Either way, we need to get access to the NER component. If you have created a blank model, you'll need to create an NER pipeline component and add it to the model.

If you have loaded an existing model, you can just access its existing NER by running the following code:

if 'ner' not in nlp.pipe_names:
    ner = nlp.create_pipe('ner')
    nlp.add_pipe(ner, last=True)
else:
    ner = nlp.get_pipe('ner')

The next step is to ensure that our NER can recognize the labels we have. Imagine our data contained a new type of named entity such as ANIMAL. With the add_label function, we can add a label type to an NER.

The code to achieve this can be seen below, but don't worry if it doesn't make sense right now, we'll break it down on the next page:

for _, annotations in TRAIN_DATA:
    for ent in annotations.get('entities'):
        ner.add_label(ent[2])
import random

                                                   #1
other_pipes = [pipe for pipe in nlp.pipe_names if pipe != 'ner']

with nlp.disable_pipes(*other_pipes):
    optimizer = nlp._optimizer                     #2
    if not nlp._optimizer:
        optimizer = nlp.begin_training()
    for itn in range(5):                           #3
        random.shuffle(TRAIN_DATA)                 #4
        losses = {} #5
        for text, annotations in TRAIN_DATA:       #6
            nlp.update(                            #7
                [text],  
                [annotations],  
                drop=0.5,                          #8
                sgd=optimizer,                     #9
                losses=losses)                     #10
        print(losses)

What we've just written is made up of 10 key elements:

  1. We disable all pipeline components that are not the NER by first getting a list of all the components that are not the NER and then disabling them for training.
  2. Pretrained models come with an optimizer.
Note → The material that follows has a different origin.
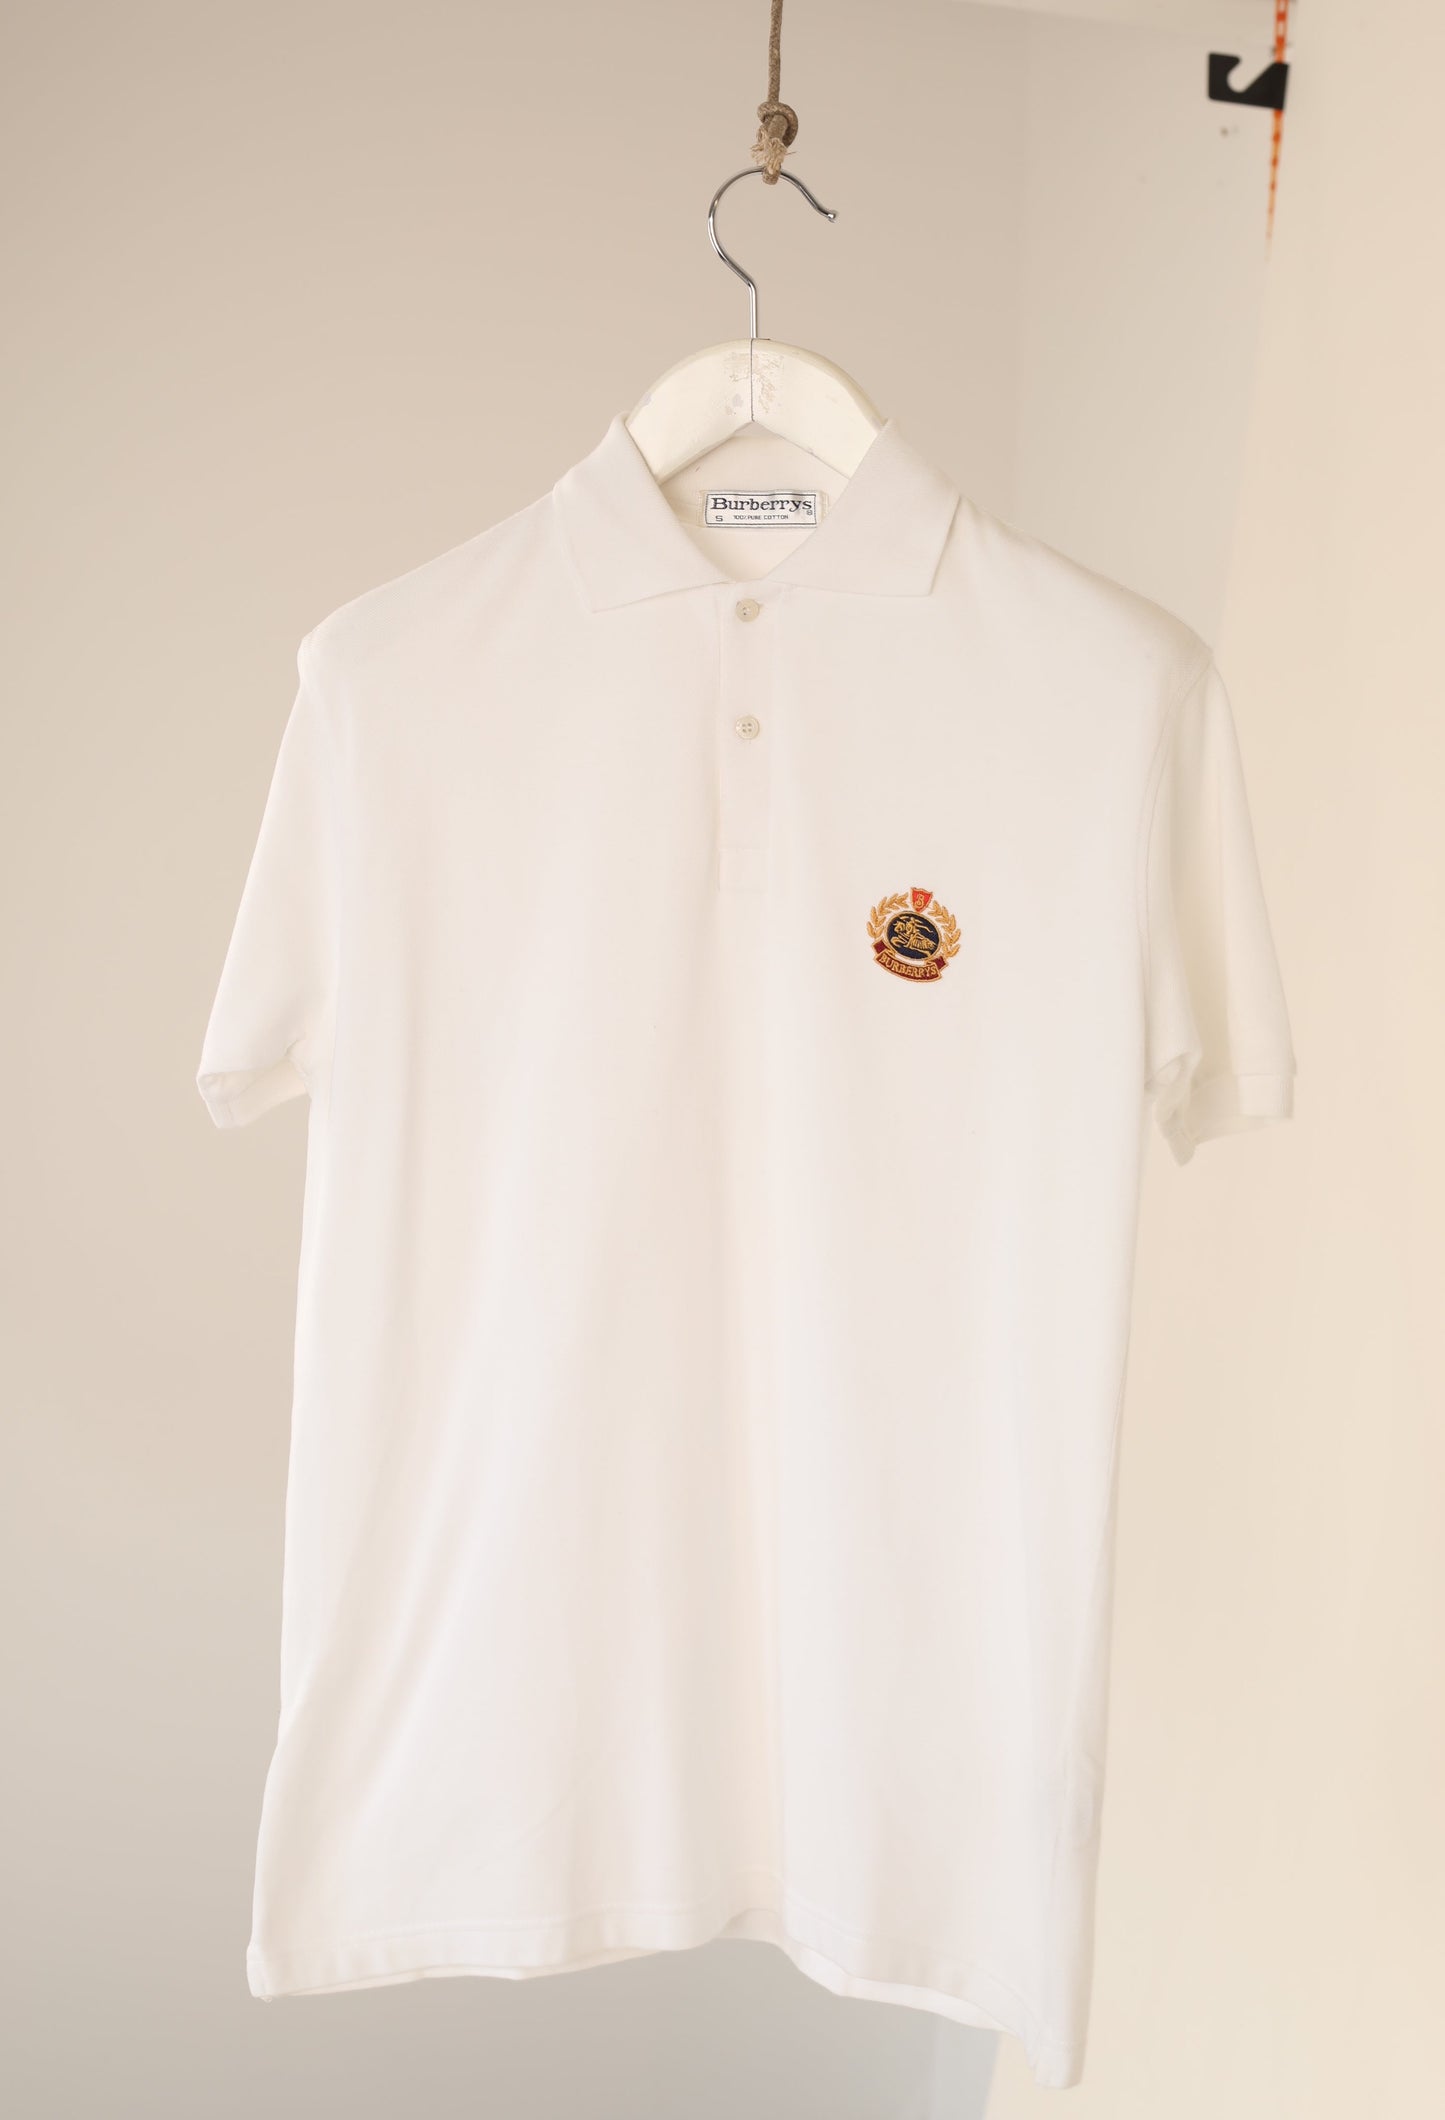 Vintage 90s Burberry's of London crest logo polo shirt

If you have a blank model, you will need to create a new optimizer. Note that this also resets the model weights.
  3. We now train for a number of epochs, in this case, 5.
  4. At the beginning of each epoch, we shuffle the training data using Python's built-in random module.
  5. We create an empty dictionary to keep track of the losses.
  6. We then loop over the text and annotations in the training data.
  7. nlp.update performs one forward and backward pass, and updates the neural network weights. We need to supply text and annotations, so that the function can figure out how to train a network from it.
  8. We can manually specify the dropout rate we want to use while training.
  9. We pass a stochastic gradient descent optimizer that performs the model updates. Note that you cannot just pass a Keras or TensorFlow optimizer here, as spaCy has its own optimizers.
  10. We can also pass a dictionary to write losses that we can later print to monitor progress.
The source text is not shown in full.